The case is even clearer if you know anything about the concerns of the Founders. Oh, not in the way that a pompous phony like Nino Scalia claims to understand their intent, when in fact he's driven solely by his uncontrollable inner ideological compulsions. It's unmistakable both from their deliberations and writings of the Founders, and of course from what they wrote into the Constitution that they were concerned in a really fundamental way with making sure that the president would not have the kind of unchecked power to conduct war that, say, the king of England had.

Apparently, though, if you're Dick Cheney, you don't care. I guess where the Founders are concerned, he's more of a "Madness of King George" kind of guy. His basic attitude to anyone who disagrees with his totalitarian fantasies, whether it's the Founders or just some damned liberal U.S. senator, appears to be: "Fuck off!"

It was the vice president himself who tipped reporters to the buried Iran-Contra minority report, a story that's told well by another of Rachel's guests on today's show, the Boston Globe's Charlie Savage. Savage is the reporter who broke the story of the Bush administration's unprecedented use of "signing statements" to bash as well as circumvent Congress. In this May 28 piece, Savage ties the whole signing-statement program, which has been a personal project of Cheney enforcer David Addington, to the vice president's vision of an uncheckable presidency as articulated in the Iran-Contra minority report.

Once you see the context, as Rachel suggested, other things fall into place. For example, when the scandal of the NSA's secret phone surveillance program broke, she was fascinated by the early disclosure that congressional allies of the administration had offered as early as 2002 to amend the procedures outlined by FISA to make just about any kind of intelligence-gathering the administration wanted to do legal and that they were decisively rebuffed.

Why, she wondered, were the president's people so adamantly un-interested in making their dirty work legal? Of course it makes sense once you realize that it would violate one of these people's most cherished principles to allow the suggestion that Congress is entitled even to a say in what it is or isn't legal for the president to do in "security" matters.

It's interesting, though, that beyond accusations of treason against those who fail to uncritically "support our troops," and by extension the president who sent them in harm's way to cause all that destruction and suffering and in the process get killed and maimed themselves, is never argued before the American people. Didn't prospective Bush voters have a right to know that they were voting for a man who would remake the U.S. government into a dictatorship?

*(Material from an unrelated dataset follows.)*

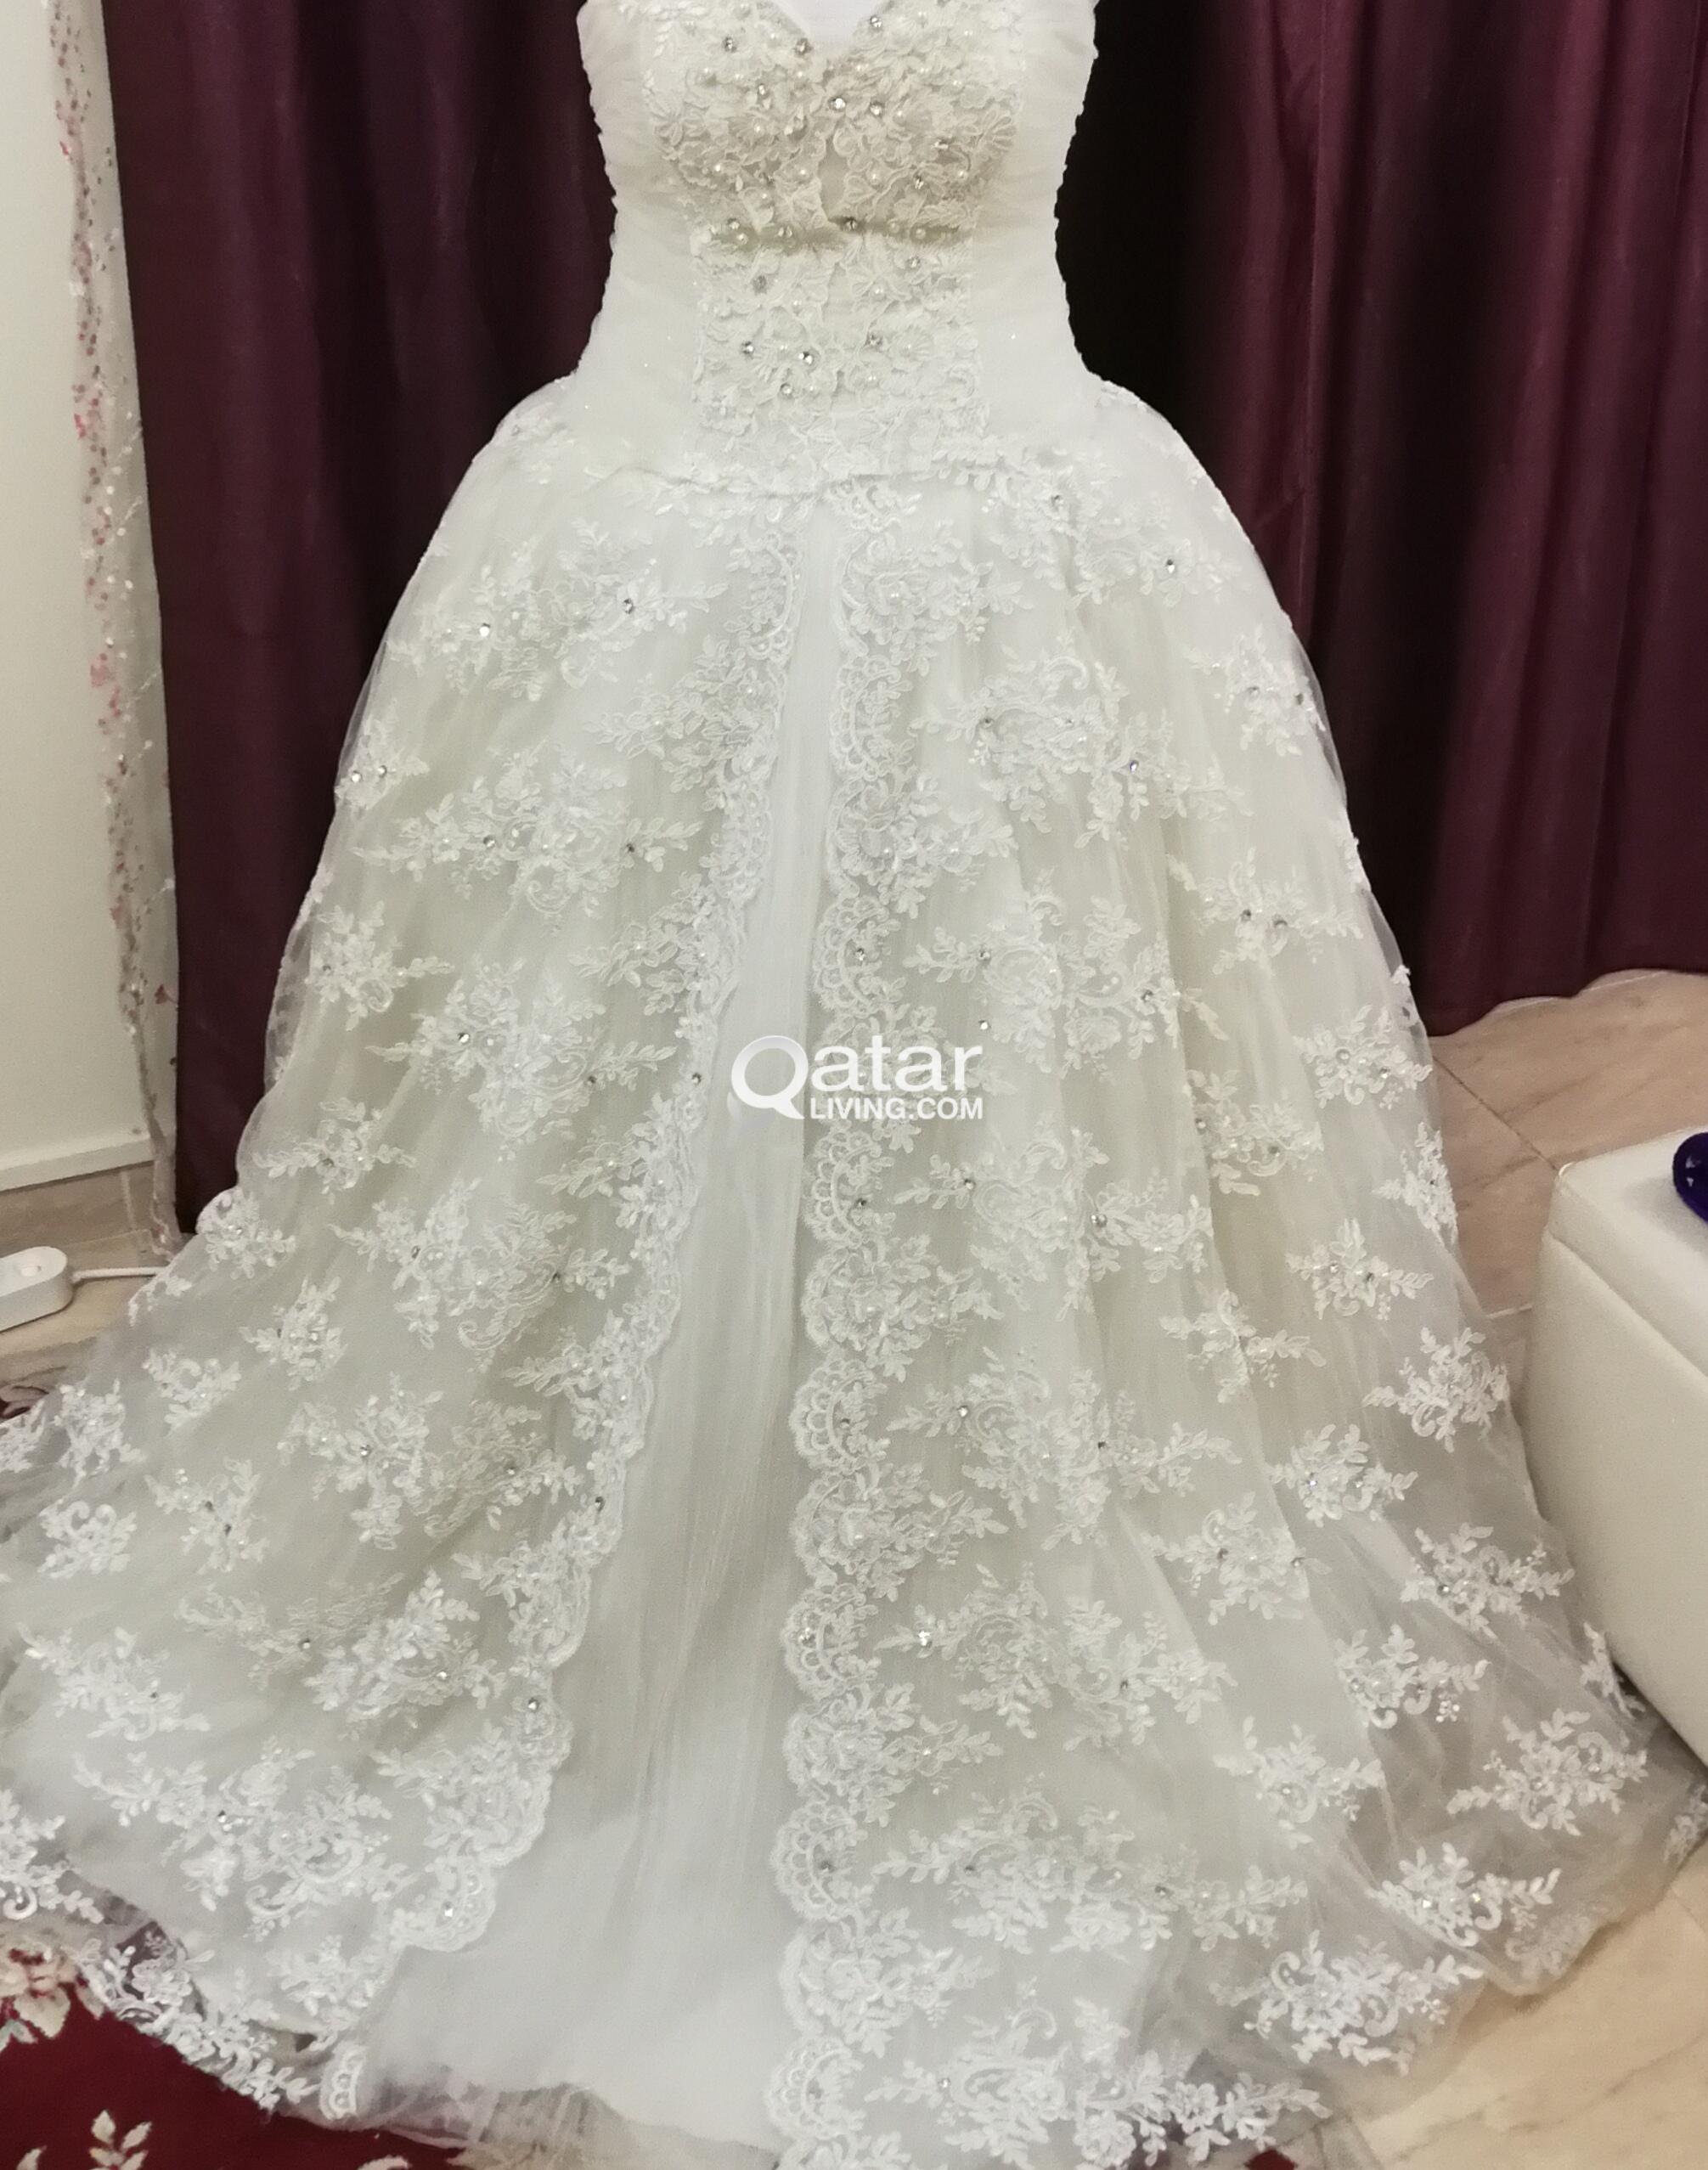 wedding dress qatar living

I suppose one reason the president never argues this case to the people is that he doesn't understand it, except in the limited sense that the toadies around him always say to him, "You da man, Chimpy . . . er, Mister President." But the president has given lots of speeches filled with stuff he didn't understand. Was this central philosophical belief, which has also been a central principle of action during his presidency, just omitted inadvertently?

I don't think so. I think people like Karl Rove understand that belief in an imperial presidency is one of those things you don't talk about publicly. Oh, the famous "base" probably includes lots of people who are quite sympathetic to autocracy, and for their benefit you can wink and obfuscate. But there are a lot of other voters who might not only disagree, but be positively horrified, to understand that this is what they voted for.

And talk about providing ammunition to your enemies! Once you start talking publicly about George W. Bush being emperor of . . . well, all of God's universe, it's just a matter of time before someone conjures up the image of the Emperor Caligula.